Raising ethical machines: nature and nurture

Given the space is still in its early days, the majority of deep learning technologies are not yet trained to take on general tasks and need more time to “grow up.” In our case, we are committed to raising “good” neural networks by deploying them in environments like customer service, where they can learn quickly and deeply in order to perform specific tasks.

These environments are all about the data. In the world of customer service, a system should not be trained manually by linguists trying to predict every potential customer query.  This was the traditional natural language processing chatbot approach.  Whereas recently, the world has entered into the realm of accessible deep learning applications — models that rely on math rather than keywords and phrase recognition. We believe a truly strong and resilient AI model for customer service needs to be trained on a vast data set of historical customer service logs.

In a tool that’s powered by A.I. and reinforced with online learning or human supervision, each conversation continually trains the neural network, enabling it to become smarter over time. Therefore, the more valid users you have on your platform, the faster your bot will grow up and become smart.

Companies building A.I.-enabled tools need to address issues like privacy, political biases, and consumer sensitivity while making machine learning technologies serve a purpose and placing relevant safeguards through rich training data sets and initial human oversight.

Human + A.I., not humans vs. A.I.

For companies seeking returns on their A.I. investments, it’s easy to hope that the automation of business processes can take over the jobs of the team already in place, but no company should completely entrust the process to artificial intelligence. Machine learning is first and foremost a method to empower and not replace humans conducting intelligent labor tasks.
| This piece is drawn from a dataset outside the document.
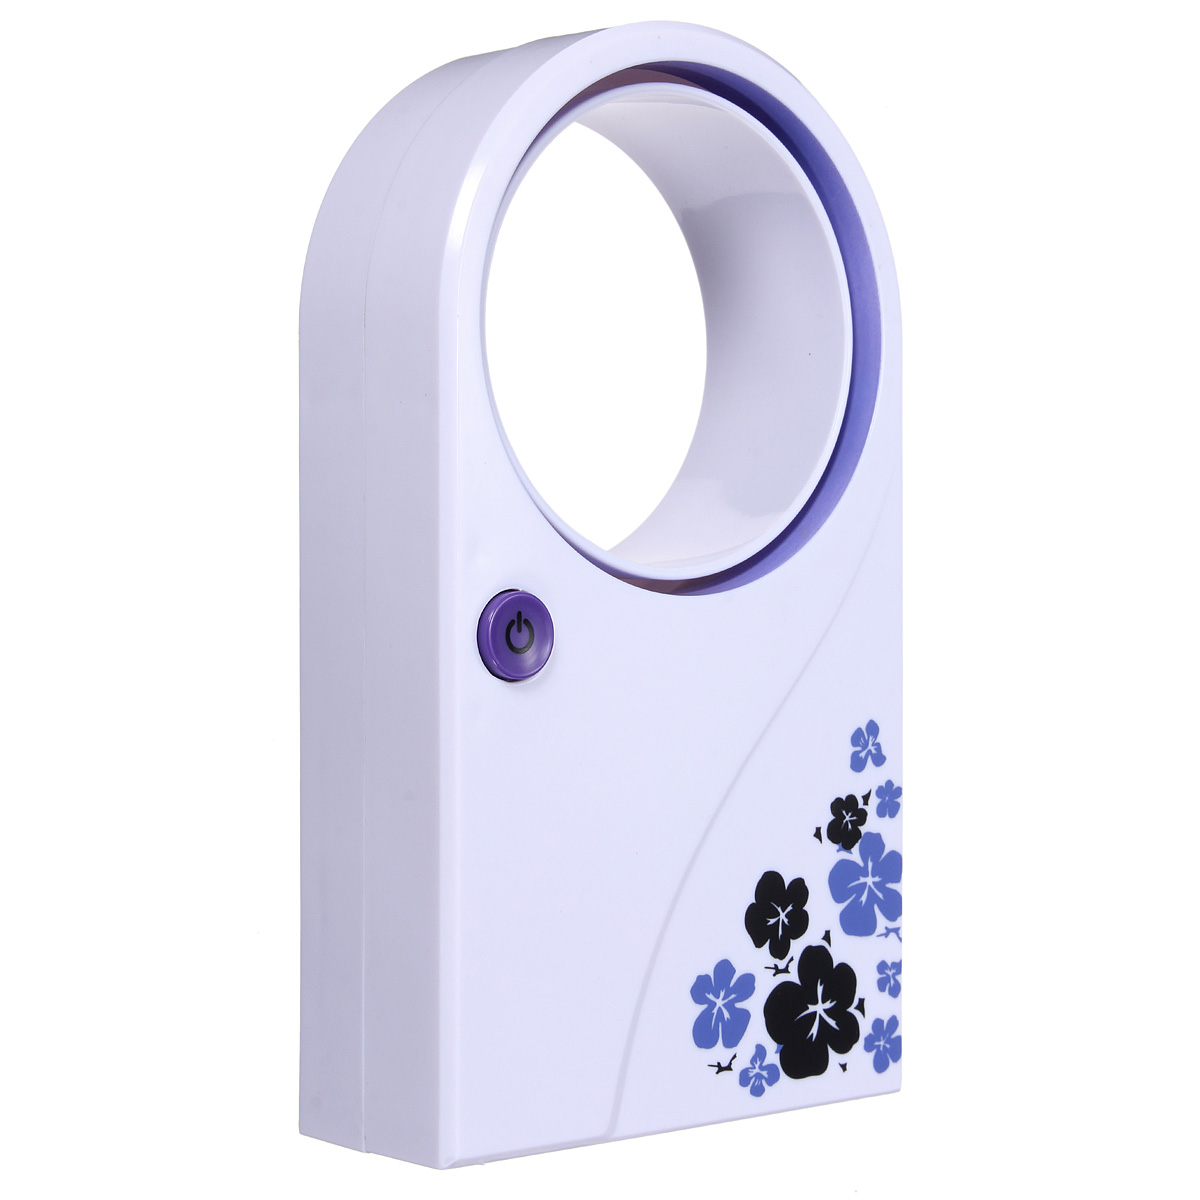 No Leaf Mini Handheld Desk Stand Silent Air Conditioner

At this stage, A.I. works best alongside people to handle repetitive tasks. For example, in customer service, the repetitive part of the queries are best handled by a machine. This in turn unlocks valuable time for human agents to drive meaningful experiences for their customers and even create additional value where there was once a customer complaint.
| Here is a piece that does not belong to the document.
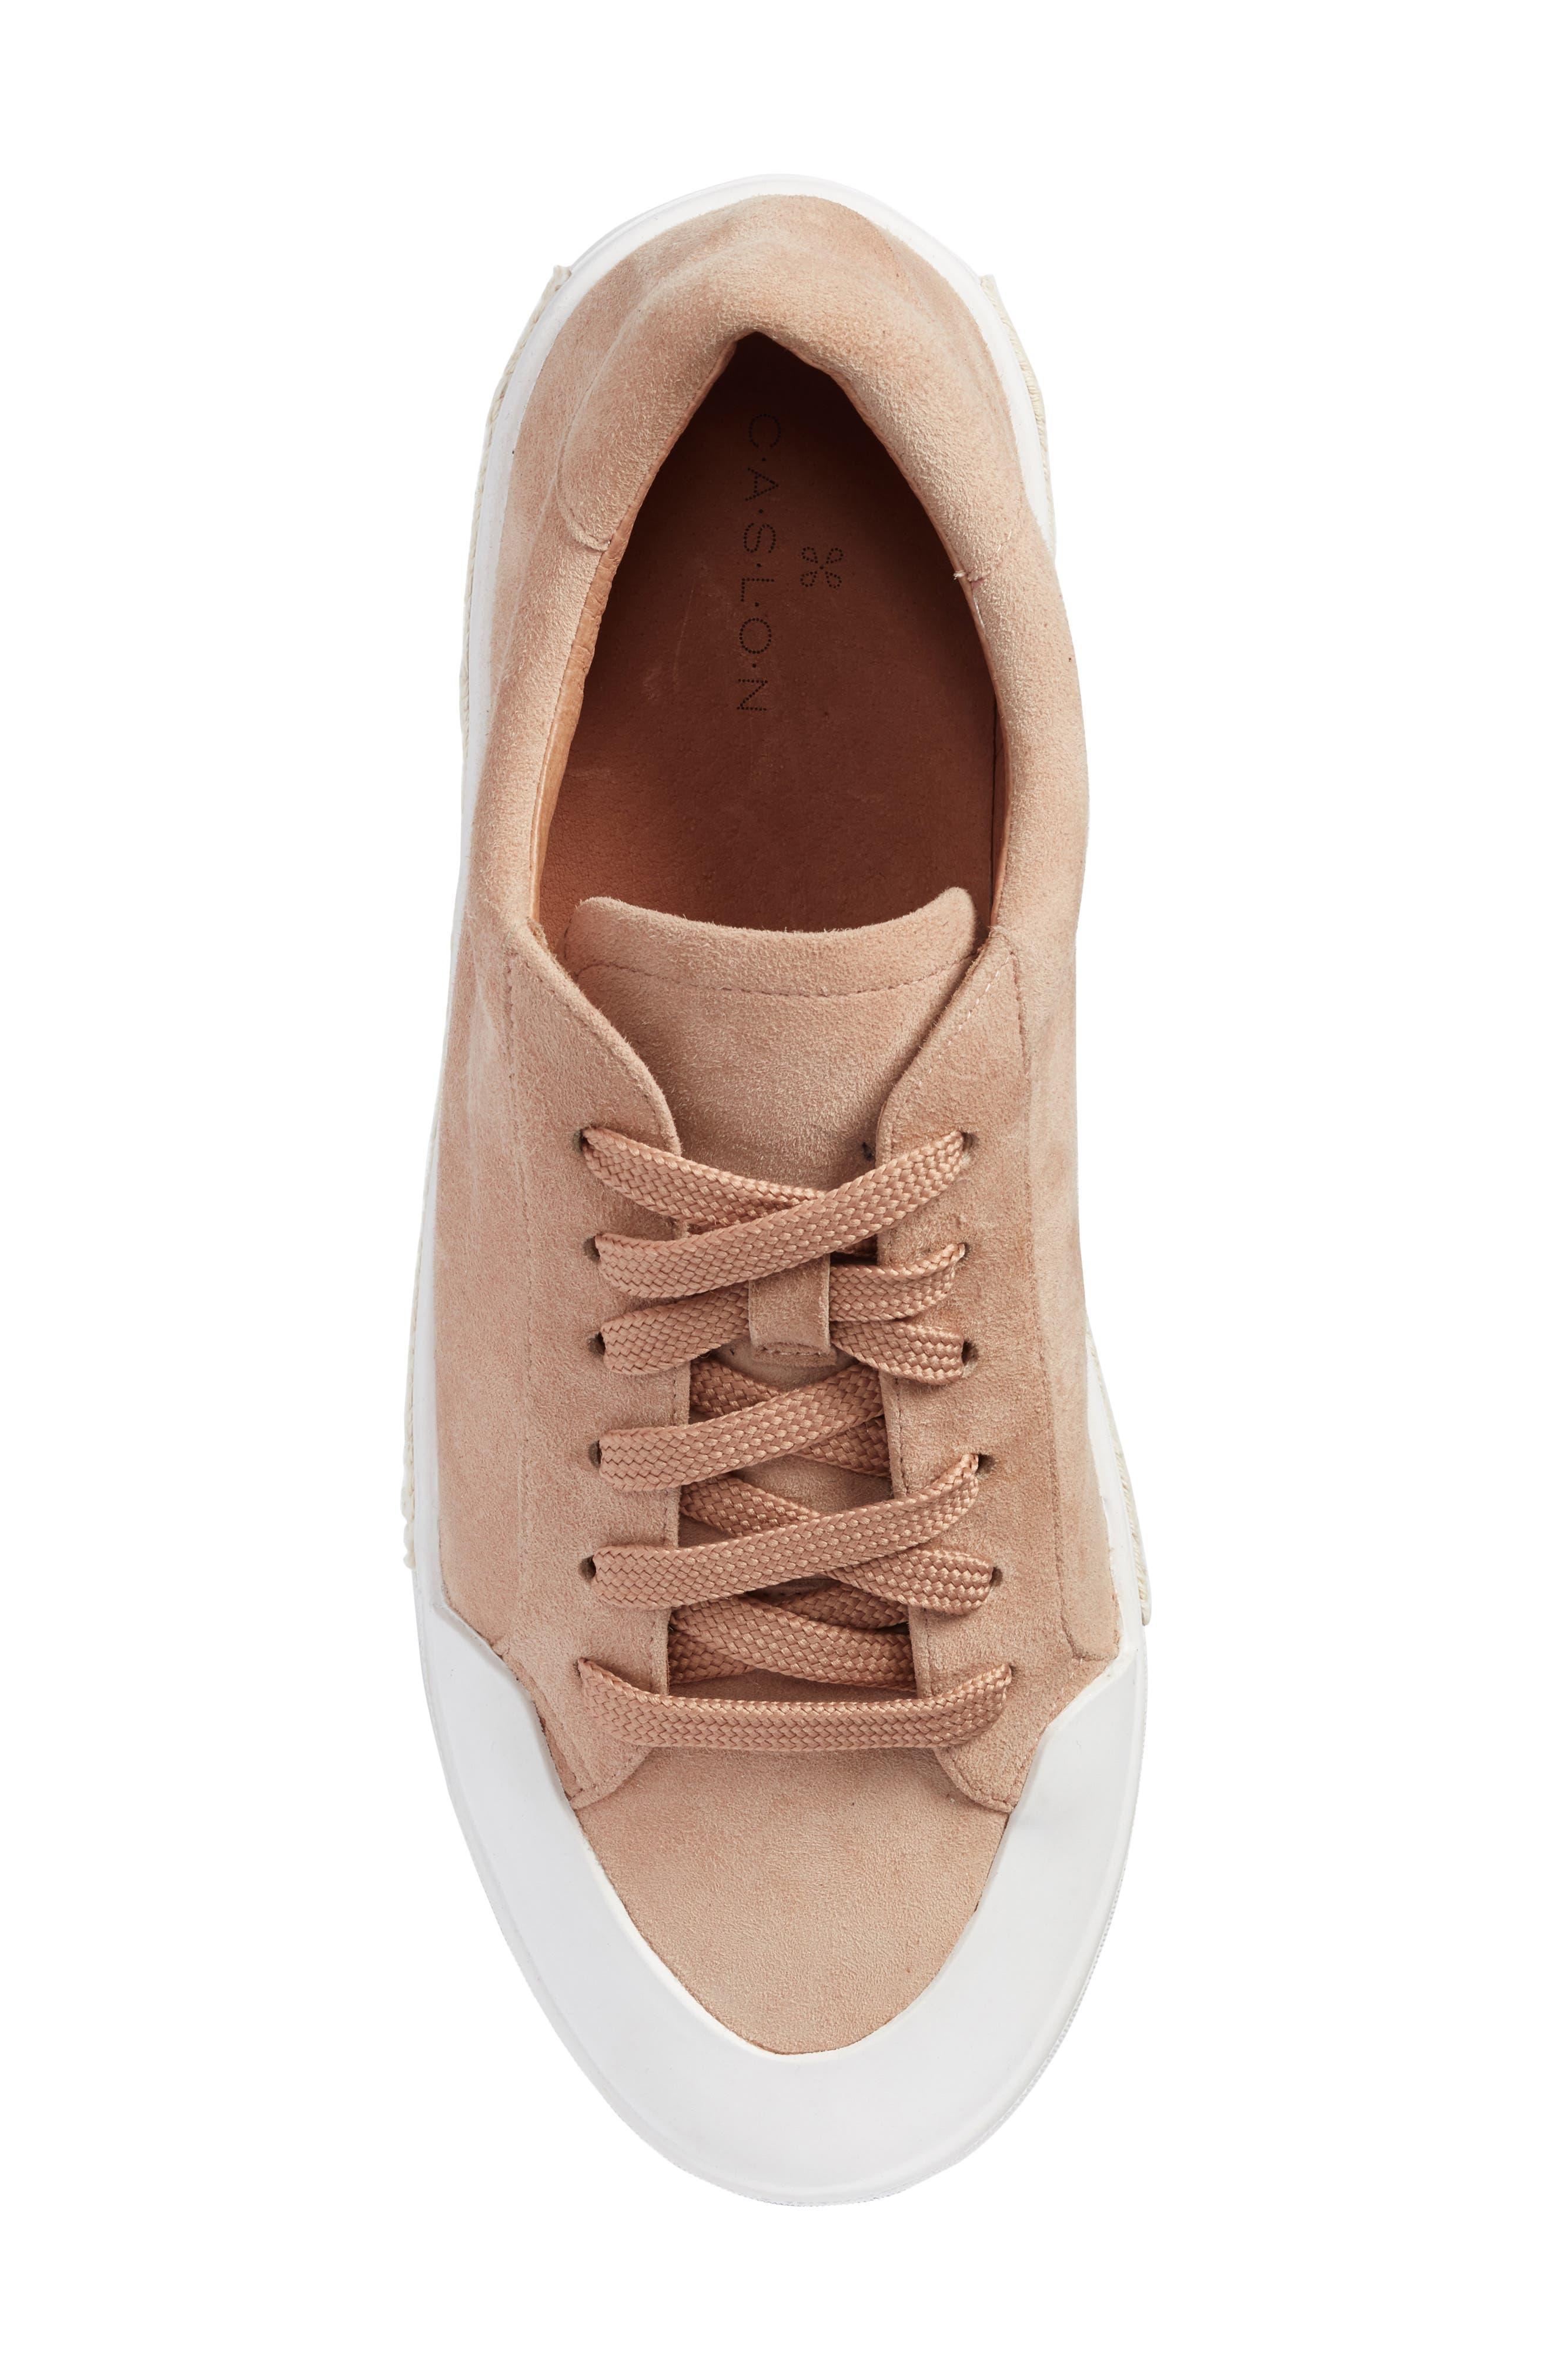 Toran Platform Sneaker,                             Alternate thumbnail 5, color,                             Blush Suede

By training the model on millions of historical data sets, like real customer service logs, the neural network becomes proficient at recognizing questions regardless of their phrasing and can make predictions about the best ways to answer them. This helps agents significantly reduce their handling time while increasing quality and accuracy of their responses — and consequently raising the Customer Satisfaction Score (CSAT) and Employee Satisfaction (ESAT).

In the coming phase, winning A.I. companies will be focused on building scalable products for focused use cases with communities of active users and mindful developers. Those developers and the companies they partner with have a responsibility to create solutions that balance ethical boundaries with the ambition to push the world forward through technology.

The machines will learn over time, but it’s up to us to make sure we use them in a way that complements human values.